# Black screen after installation

## fangwen

I installed Gentoo on my laptop today and I compiled the kernel manually. When I reboot my machine, it only brings me to a black screen.

I can see the grub menu. But after I choose gentoo, it goes black, the last word I can see is "booting the kernel". However I can boot into Windows 7.

What makes my laptop a little special is that it comes with hybrid graphics, I only built the drivers for the Intel integrated card and enabled KMS on it . I am sorry I can't give you any other useful information now.

What are the possible causes of my problem?

If you need any information please tell me and please tell me how to get that information.

----------

## Hu

When the screen goes black, is the backlight on?  If the backlight turns off, then that indicates that the screen went into powersave mode.  If the backlight is on, then that indicates the card has nothing useful to display.

Did you enable the framebuffer console?

----------

## fangwen

 *Hu wrote:*   

> When the screen goes black, is the backlight on?  If the backlight turns off, then that indicates that the screen went into powersave mode.  If the backlight is on, then that indicates the card has nothing useful to display.
> 
> Did you enable the framebuffer console?

 

The backlight is off, I can't use the brightness buttons to adjust the backlight.

Yes, I enabled the framebuffer console support following this guide:http://www.gentoo.org/doc/en/xorg-config.xml

----------

## fangwen

 *fangwen wrote:*   

>  *Hu wrote:*   When the screen goes black, is the backlight on?  If the backlight turns off, then that indicates that the screen went into powersave mode.  If the backlight is on, then that indicates the card has nothing useful to display.
> 
> Did you enable the framebuffer console? 
> 
> The backlight is off, I can't use the brightness buttons to adjust the backlight.
> ...

 ue

Hu, I'm sorry. I checked my kernel configuration and found that I didn't enable the framebuffer support.

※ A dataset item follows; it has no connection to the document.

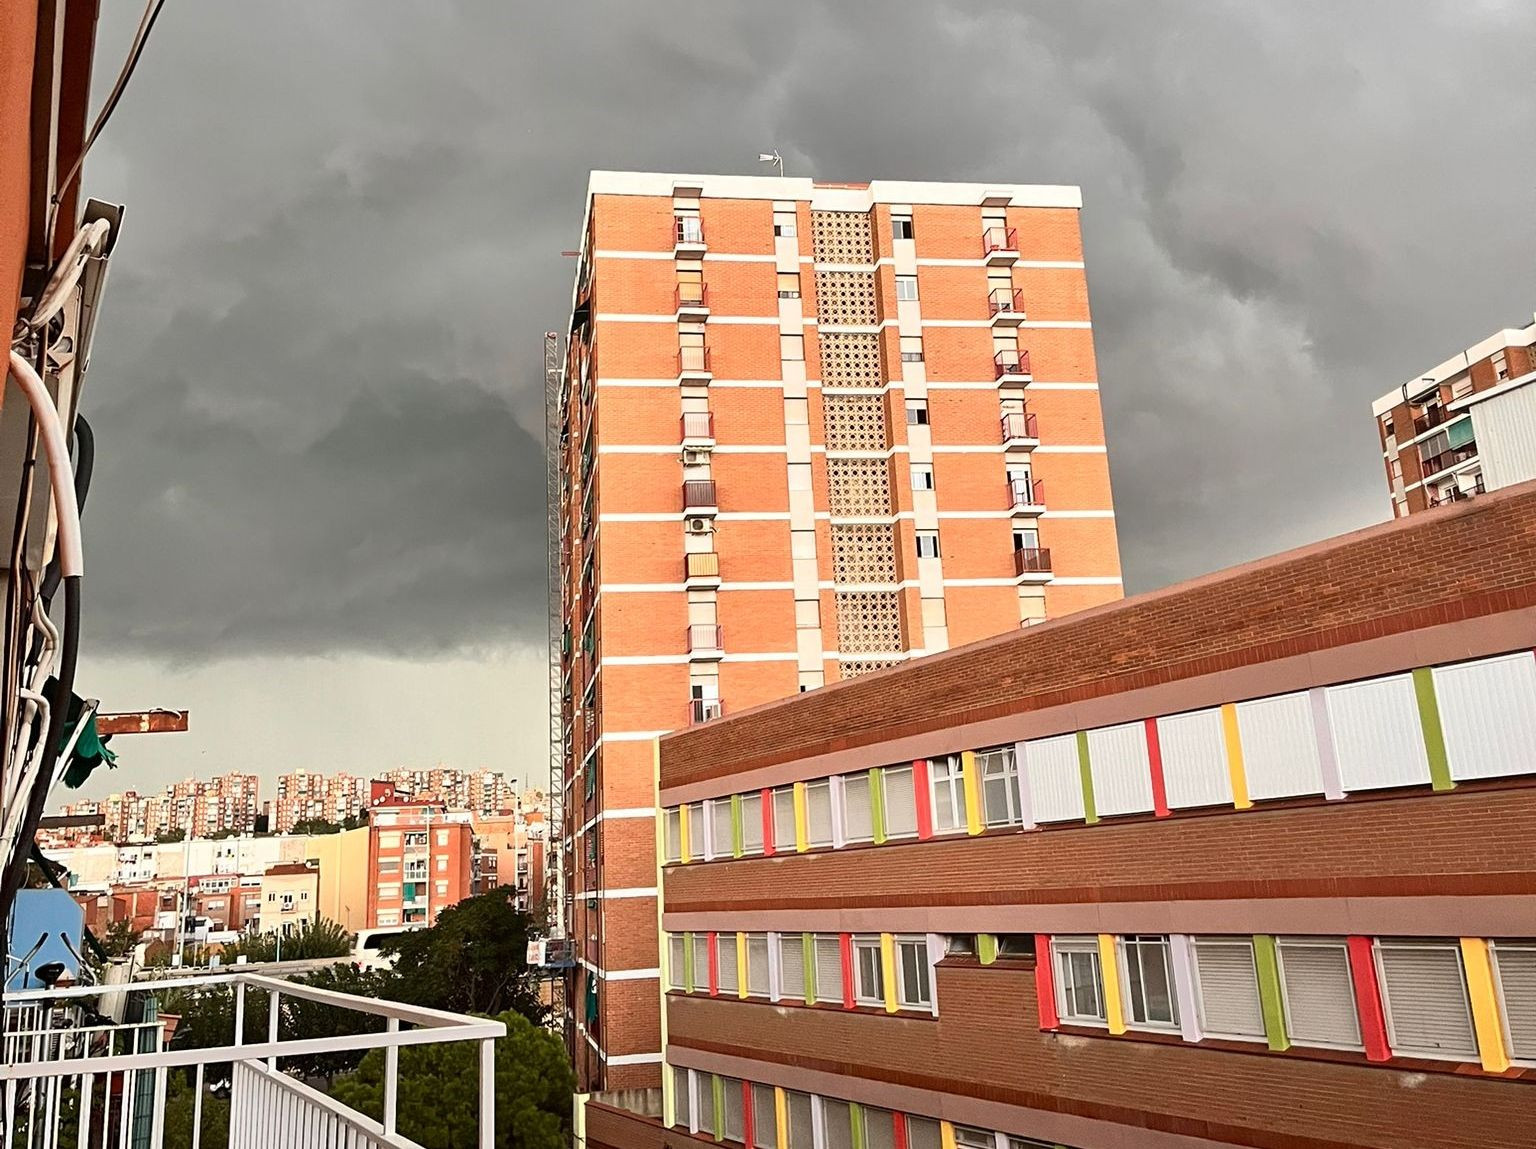 Imagen de la tormenta antes de la tromba de agua desde un edificio de viviendas del barrio de Sant Roc de Badalona / METRÓPOLI

I then enabled it and recompile the kernel, the black screen issue was fixed. However, I can't use my keyboard to login at the login prompt.

What's wrong with my kernel configuration this time?

----------

## Hu

You probably did not include support for your keyboard, so the kernel does not know how to read it.  What keyboard do you have?

----------

## fangwen

I included the input device drive in kernel and now it works fine.

But how can I find out my keyboard type and model?

----------

## krinn

dmesg should show it if usb, for ps/2 xorg.log will tell you.

or try lshw i'm not sure it check keyboard.

----------